Em muitos países, o apetite pelo poder aproximou e aproxima a Igreja do poder político em ditadura, e Portugal foi disso um bom exemplo. Apesar de alguma honra da Igreja ter sido salva pelos católicos que, começando no bispo do Porto, lutaram contra a ditadura, a Igreja foi, com as Forças Armadas, um dos seus principais sustentáculos, assumindo um papel activo de legitimação e apoio político, fechando os olhos à repressão, à violência do regime e à guerra colonial. Para quem olha hoje com repulsa para o fundamentalismo muçulmano e para os seus crimes, não pode esquecer que a Igreja cometeu crimes idênticos, e a palavra “idênticos” é mesmo rigorosa.
No entanto, seria injusto ignorar que a Igreja evoluiu, umas vezes por dentro, mas muitas vezes por fora, obrigada pelo “mundo”. No entanto, essa capacidade de evolução é algo que deu à Igreja Católica e a muitas igrejas cristãs (não todas) a possibilidade de serem uma força que hoje melhora a sociedade como reserva moral, de cultura e de “caridade” no verdadeiro sentido do termo. Hoje, em sociedades como a portuguesa, a Igreja tem um papel positivo e não custa a um não crente admitir que a sua ausência significaria um empobrecimento social muito significativo.
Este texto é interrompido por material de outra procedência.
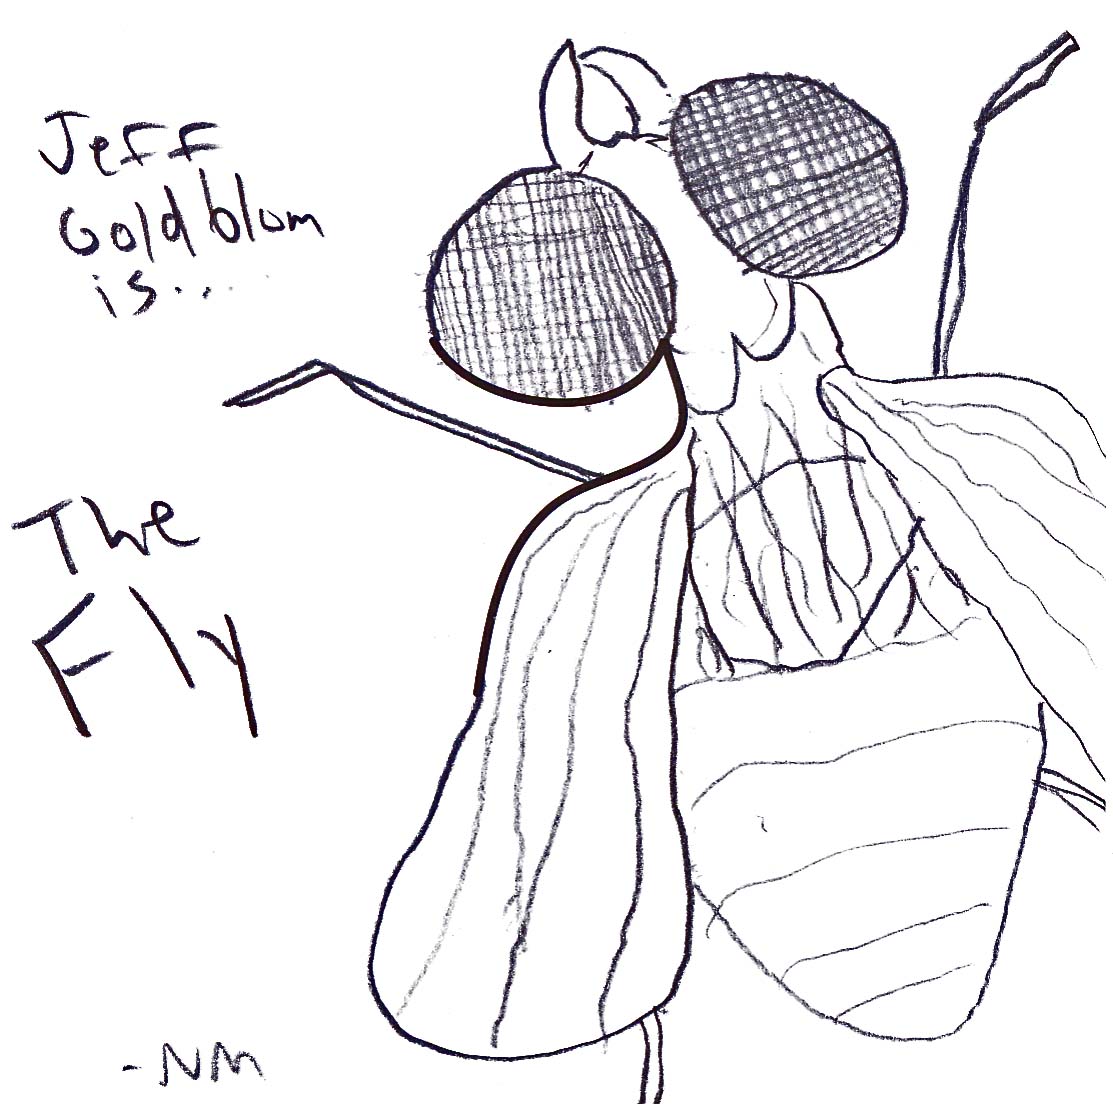 Jeff Goldblum is the fly

Esse papel foi essencial nos anos de lixo do “ajustamento”, em que as instituições da Igreja, a Cáritas, por exemplo, perceberam melhor do que ninguém a devastação desnecessária que estava a ser feita a muitas pessoas e famílias. E, como poucos, falou bastante mais alto do que a hierarquia, a denunciar aquilo que muitos governantes entendiam como sendo “efeitos colaterais” menosprezáveis da criação da Singapura portuguesa.
Partidos como o PSD foram fundados com enorme influência da doutrina social da Igreja e, embora tal legado tenha em grande parte desaparecido na sua actual direcção, mais próxima das novas maçonarias de interesses, ele esteve lá na sua génese. Quando Sá Carneiro escreveu que o partido que criava considerava o “trabalhador como sujeito e não como objecto de qualquer actividade” e que o “homem português terá de libertar-se e ser libertado da condição de objecto em que tem vivido, para assumir a sua posição própria de sujeito autónomo e responsável por todo o processo social, cultural e económico”, é da doutrina da Igreja que vêm estas palavras. O mesmo se passava na fase democrata-cristã do CDS, antes da deriva “popular”, e mesmo em partidos como o PS e o PCP existe uma influência dos olhares cristãos e de vidas que assumem o papel de serem “testemunhais”.
E depois há o Papa, este papa Francisco. Nada explica melhor o sucesso adaptativo e o peso da história numa instituição com 2000 anos do que a sucessão dos dois papas vivos, o alemão Ratzinger, Bento XVI, e o argentino Bergoglio, Francisco, o intelectual e teólogo e o jesuíta amador de futebol. Não esqueçam o “jesuíta”. Aparentemente não podiam ser mais diferentes, mas devemos perguntar-nos como é que o mesmo colégio eleitoral faz estas escolhas tão diferentes num período de tempo tão curto? É porque sendo diferentes moldam a Igreja em suas partes distintas e cursos variados: Bento XVI veio do progressismo do Vaticano II para o combate pela ortodoxia, mas um combate que usava as armas intelectuais da Igreja — e se há instituição que tem essas armas é mesmo a Igreja, e não são só os dominicanos, são também os jesuítas... —, e Francisco conhecia um mundo que não era o de Bento, mas o da América Latina, com a sua enorme pobreza e injustiça.
A direita gostava de Bento XVI e detesta Francisco, a esquerda vice-versa. Mas os dois são uma face mais comum do que pode parecer. Sem a acção teológica de Ratzinger, Bergoglio não podia fazer as reformas que pretende, nem falar como fala, mas no final a Igreja dará passos para a frente. Embora eu não me cuide dos passos da Igreja, que não é a minha casa, preciso da voz da Papa para ajudar no combate contra a ganância, a injustiça e a miséria, porque é uma voz cuja autoridade moral pode melhorar o mundo e a vida das pessoas. Para quem não acredita no paraíso celeste, e deseja viver numa sociedade democrática em que não é qualquer teleologia que define a política, é a melhoria da vida terrestre que conta. E hoje a voz do papa Francisco denuncia o que deve ser denunciado e apoia o que deve ser apoiado. Nalgumas coisas não é assim, mas não são as mais importantes, e a diferença de importância para fora é bastante significativa.
Por tudo isto, seja bem-vindo a Portugal, papa Francisco, e fale como tem falado, que também nos ajuda. Pode usar, aliás, as palavras de um seu companheiro jesuíta, o Padre António Vieira: “Entre todas as injustiças, nenhumas clamam tanto ao Céu como as que tiram a liberdade aos que nasceram livres e as que não pagam o suor aos que trabalham.”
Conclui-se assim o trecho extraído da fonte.